Paige and I set off in the direction of the doorman, and I saw two men cutting through the street toward the victim. The younger of the two was pushing a gurney and trailing a gray-haired man with a determined stride and carrying a medical bag.
“Looks like the ME and his assistant are here,” I said, and Paige simply nodded.
As we got closer to McBride, I’d put him in his fifties, though he looked older at the moment. His eyes were bloodshot, and his face pale except for the splotches of blood on his cheeks and forehead. He was breathing with an oxygen mask, and a paramedic had a hand on his shoulder. She was advising him to take slow, deep breaths. She scowled at our approach.

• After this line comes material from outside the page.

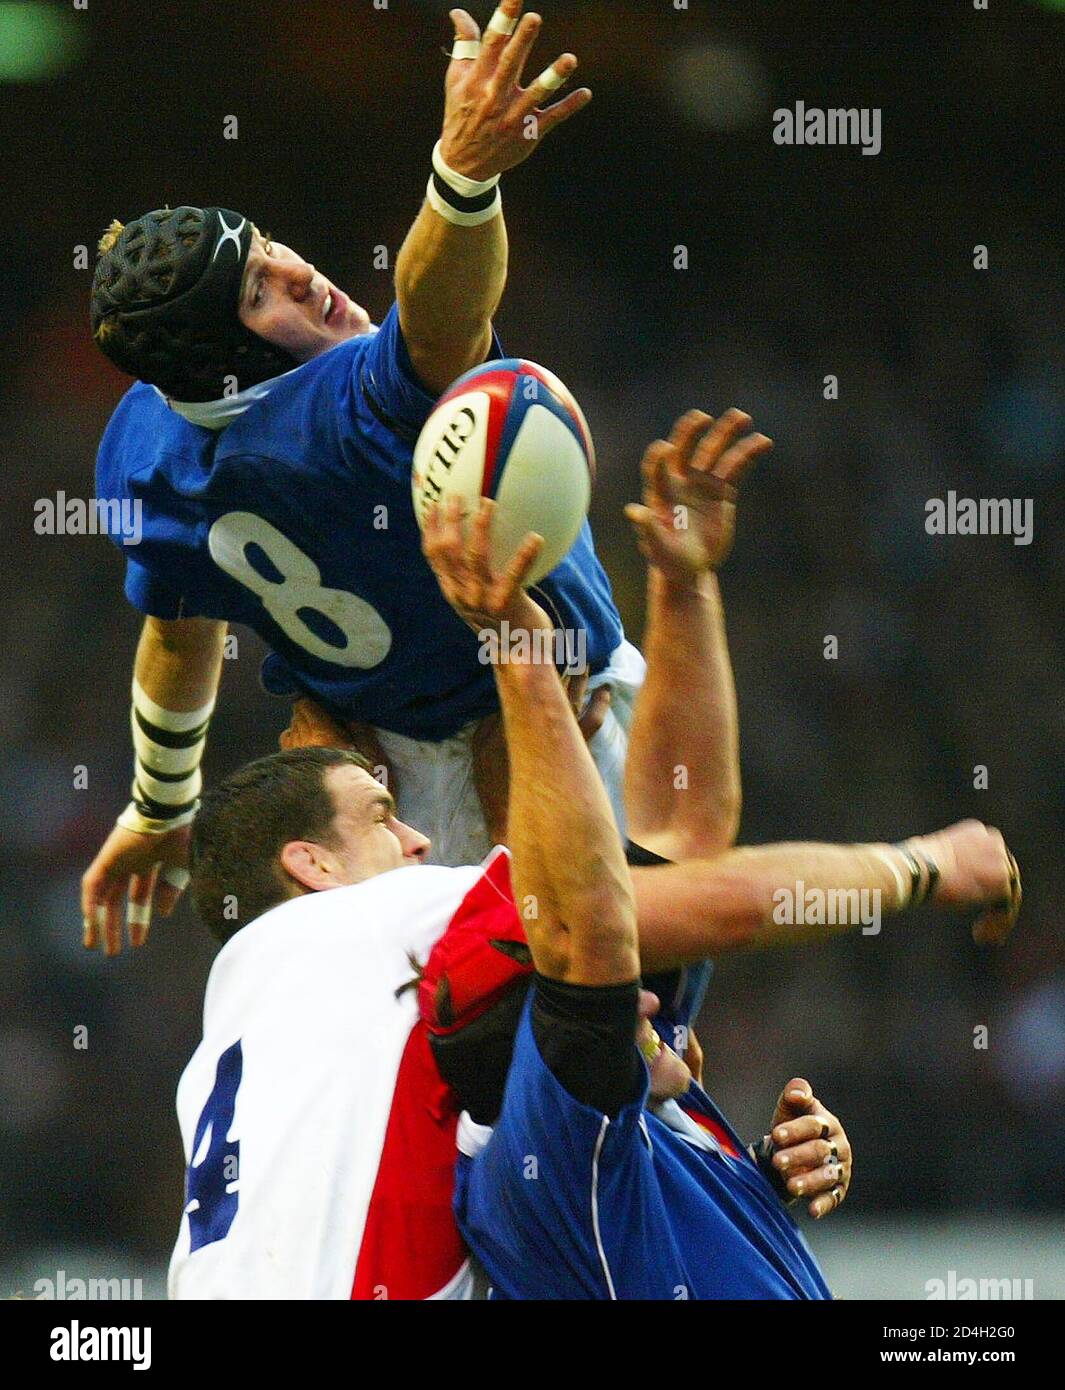 England captain Martin Johnson (C) fights for the ball against France's Imanol Harinordoquy (8) and Serge Betsen (R) during their Six Nations rugby union match at Twickenham in London, February 15, 2003. REUTERS/Russell Boyce Pictures of the month February 2003  RUS/ASA Stock Photo

“Are you Ronald McBride?” I asked, ignoring the woman’s apparent attitude.
The man nodded, the apparatus bobbing with the movement.
“We have some questions for you,” Paige said with kindness and respect, but it did nothing to soften the paramedic’s grimace.

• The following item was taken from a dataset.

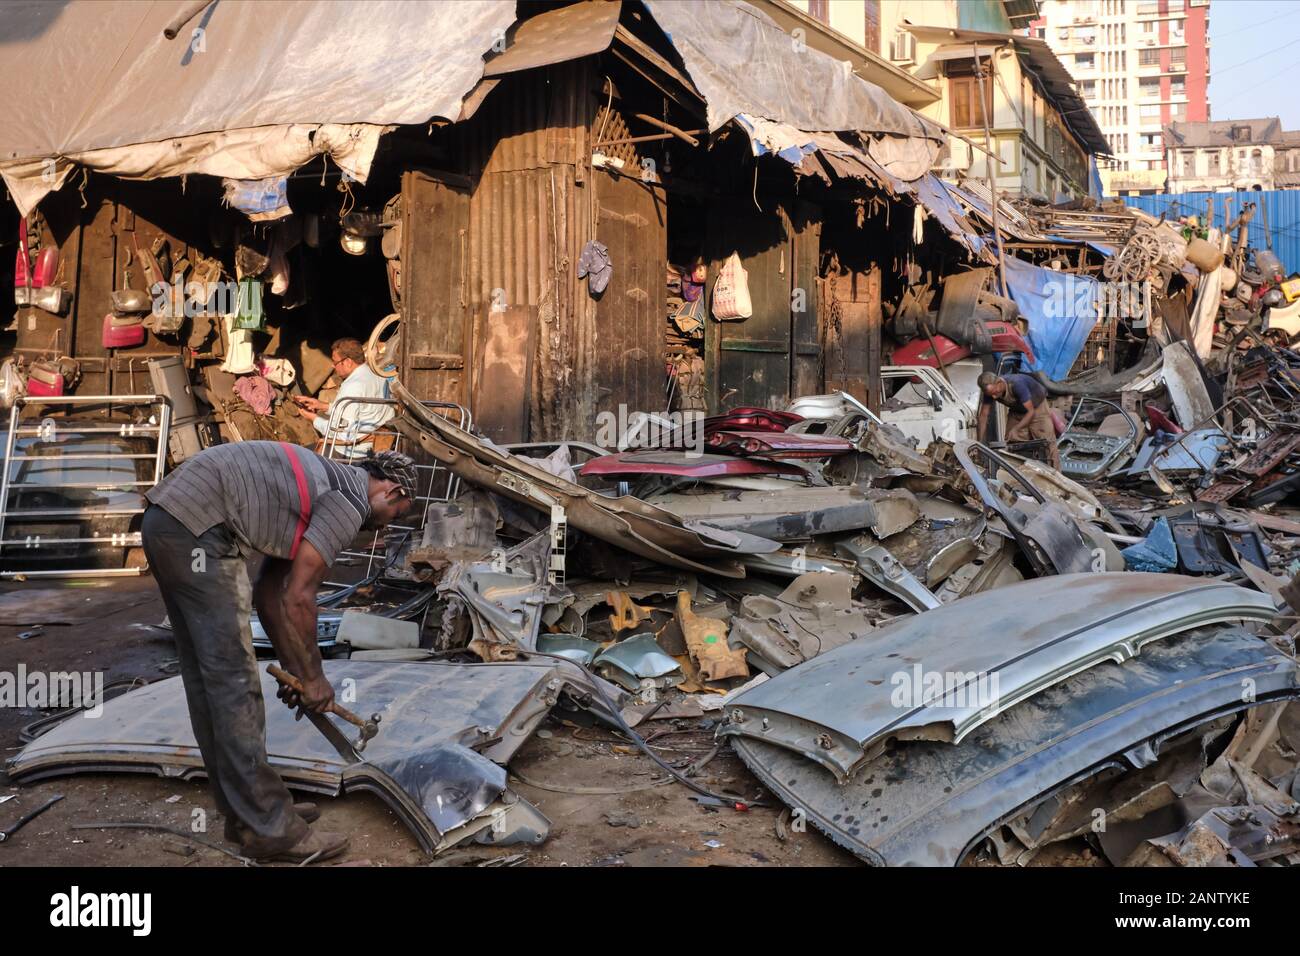 A worker taking apart parts of dismantled old cars at Thieves' Market (Chor Bazar) in Mumbai, India, anything re-usable to be sold Stock Photo

“Mr. McBride has been through an aw
ful lot. Maybe a little later would be better.” She packaged her request like a suggestion, but I wasn’t fooled for what it really was. But there was no way I’d be going back to Jack and telling him we’d been stonewalled by a paramedic.
I squared my shoulders. “Unfortunately, we don’t have the time to wait around. There was a murder, and it’s imperative that we get the bottom of exactly what transpired here.”
The paramedic met my gaze, and her body stiffened, but she eventually stepped aside. “Keep it brief.”
“Mr. McBride,” I said, “we have just a few questions for you.”
McBride went to pull off the oxygen mask, and the paramedic made a motion to keep it in place, but he shooed her away and removed it.
The paramedic shook her head and wandered off.
“I’ll help in whatever way I can,” McBride said.
“We appreciate that,” I said. “Can you tell us what happened…from your perspective?”
“I…I was just holding the door—” he took a hit of oxygen, lowered the mask again “—the door open for him. It all happened so fast.”
Paige sat on the ambulance’s back step next to McBride. “It must have been terrifying.”
He looked over at her. “Never seen anything like it. Hope to never again.”
“Did you see or hear anything before the man went down?” I asked.
“No, like I said, it all happened so fast.”
“Fair enough.” It was probably too much to hope that he’d been looking in the direction of the sniper and caught a glimpse of something that would expose the nest.
“There was…” McBride licked his lips, “a woman who came out just ahead of him. She’s fine, as far as I know, but don’t quote me. I kind of lost track of everything after…”
“Do you know who she was?” Paige asked.
“Even if I did, I’m not at liberty to say, Miss.”